Maybe we should do an answer with the actual solution:
I hope it's now clear, that this is a possible definition:
class Functor f => Foldable f where
fold :: Monoid m => f m -> m
foldMap :: Monoid m => (a -> m) -> f a -> m
foldMap g a = fold $ fmap g a
follow the types
Andrew and Lee already gave you a high level explanation but maybe I can give you another view on it:
Let's just follow the types to oget to this answer:
We want a function f a -> m where m is a monoid and f is a functor. In addition we have a function g :: a -> m we can use to get from some a into the monoid - nice.

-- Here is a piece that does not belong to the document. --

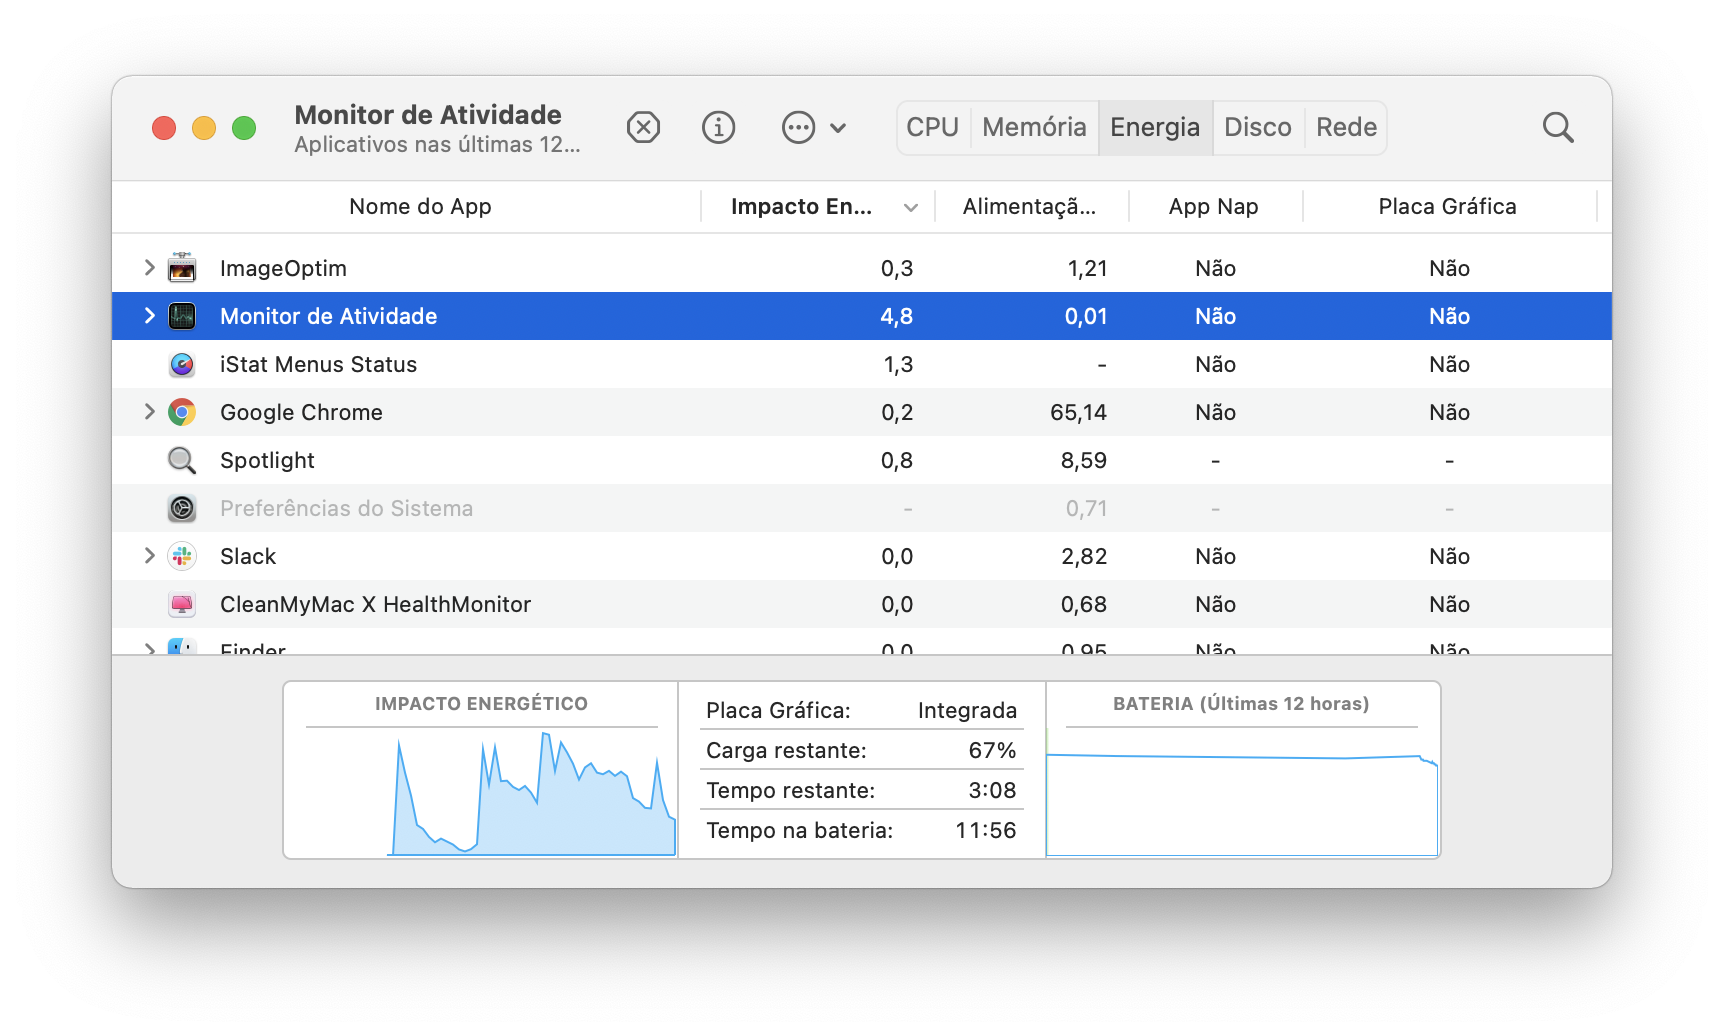 App Monitor de Atividade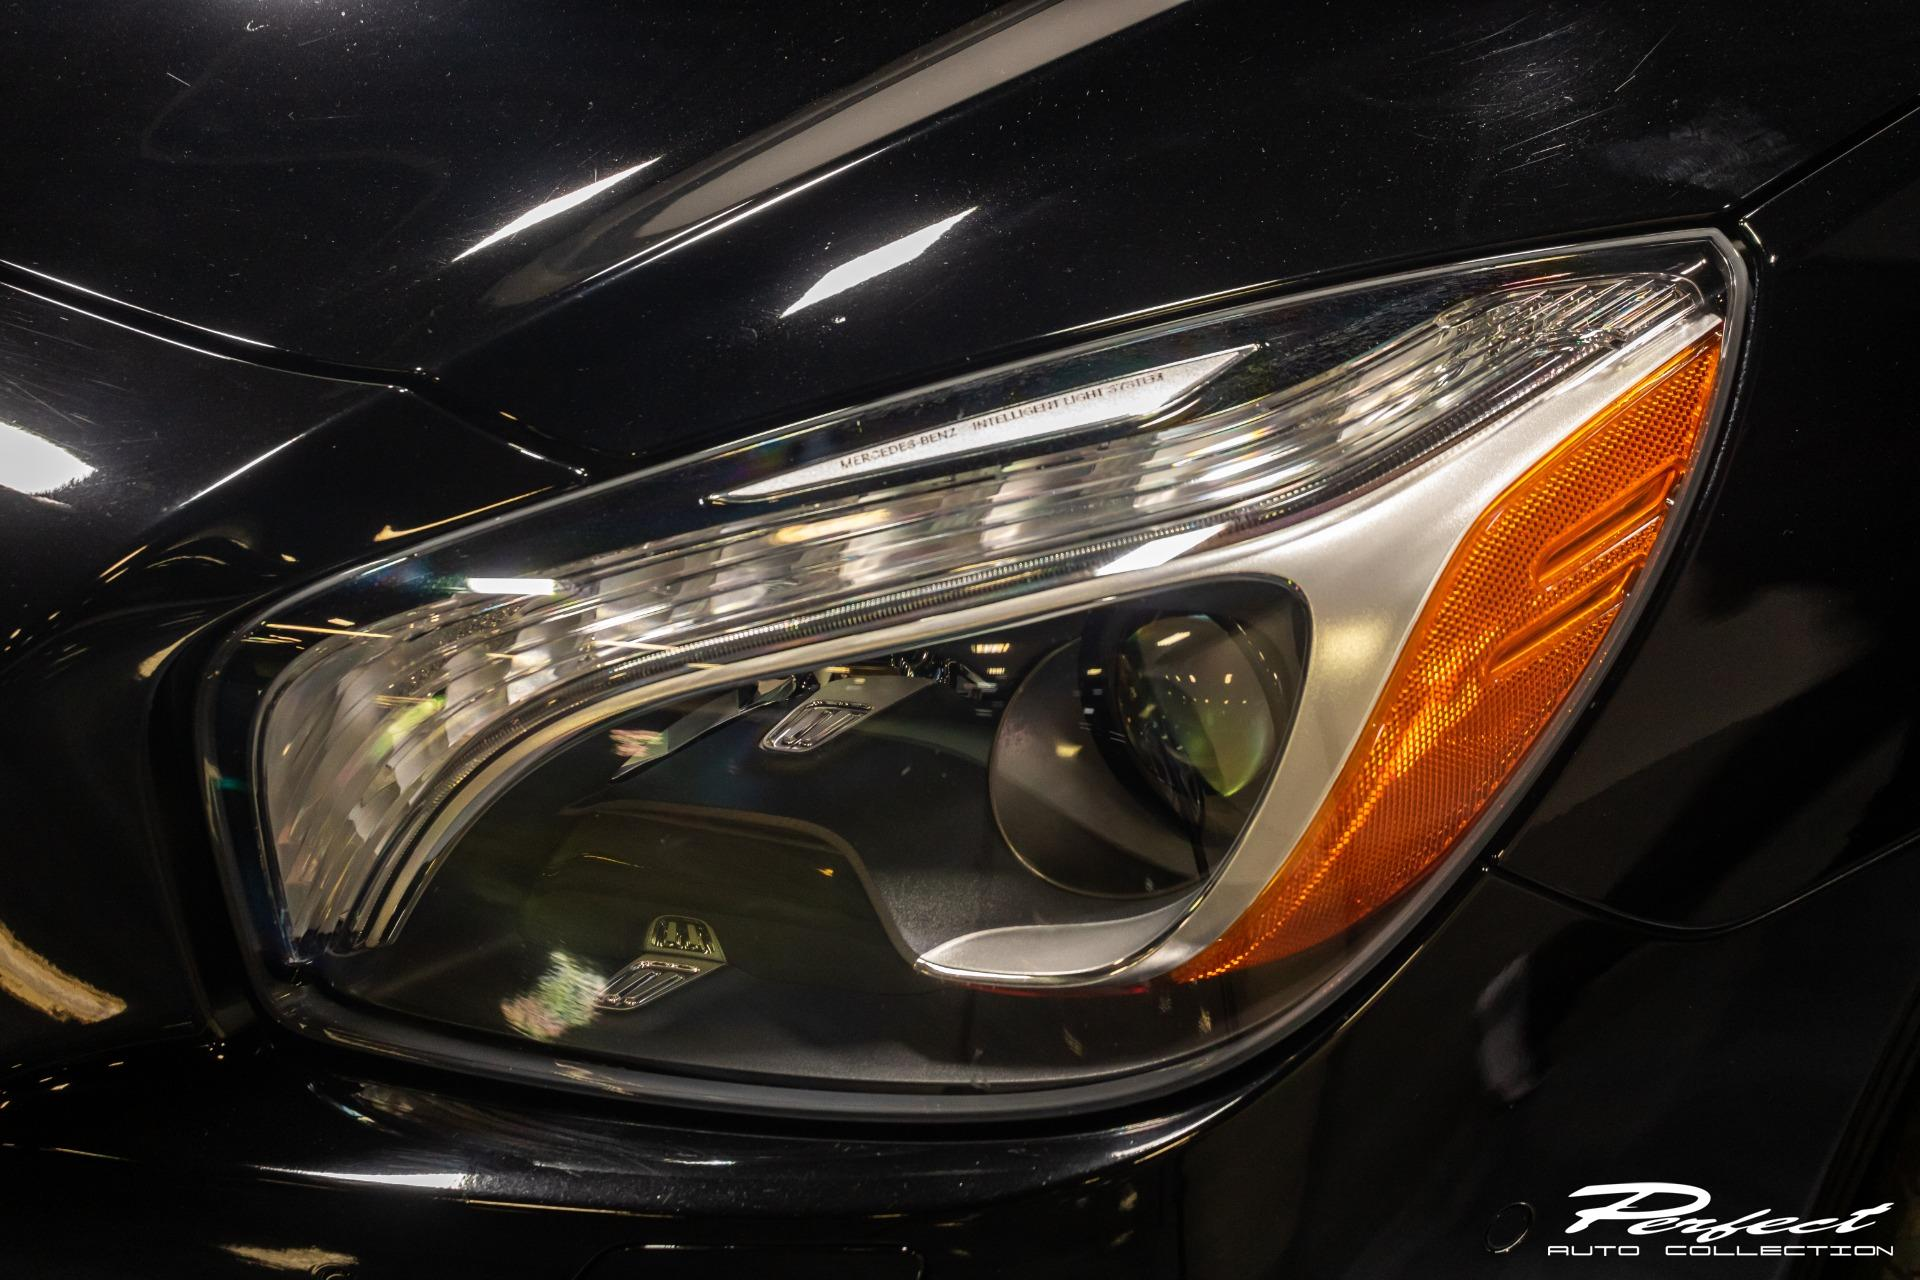 Used 2014 Mercedes Benz SL Class SL 550

Now we get some additional functions:
fold :: f m -> m from our own class
fmap :: (a -> b) -> f a -> f b from the Functor f
Ok we need f a -> m now if only the a would be an m then we could use fold ... dang.
But wait: we can make a a into a m using g- but the a is packed into f ... dang.
Oh wait: we can make a f a into a f m using fmap .... ding-ding-ding
So let's do it:
make f a into f m: fmap g a
use fold on it: fold (fmap g a)
or using $:
foldMap g a = fold $ fmap g a
example
Let's get something so we can try:
module Foldable where
import Data.Monoid
class Functor f => Foldable f where
fold :: Monoid m => f m -> m
foldMap :: Monoid m => (a -> m) -> f a -> m
foldMap g a = fold $ fmap g a
instance Foldable [] where
fold [] = mempty
fold (x:xs) = mappend x (fold xs)
here is a simple example using this with Sum and [1..4]:
λ> foldMap Sum [1..4]
Sum {getSum = 10}
which seems fine to me.
A Monoid has two functions, mappend and mempty, and you can use (<>) in place of mappend.
Typeclasses work because the compiler inserts the appropriate definition for the function depending on the types of the data, so (happily) there's no need to pass around the function in question.
The mistake you've made is to unnecessarily pass the Monoid functions you're using in.
For example, if I defined a function to test if something was in a list like this:
isin :: Eq a => a -> [a] -> Bool
isin equalityFunction a list = any (equalityFunction a) list
I'd have unnecessarily tried to pass the equalityFunction as an argument, and the type signature doesn't match it.
Instead I should define
isin :: Eq a => a -> [a] -> Bool
isin a list = any (== a) list
using the standard name for the equality function as defined in the Eq typeclass.
Similarly, you neither need nor should pass the (<>) or empty arguments.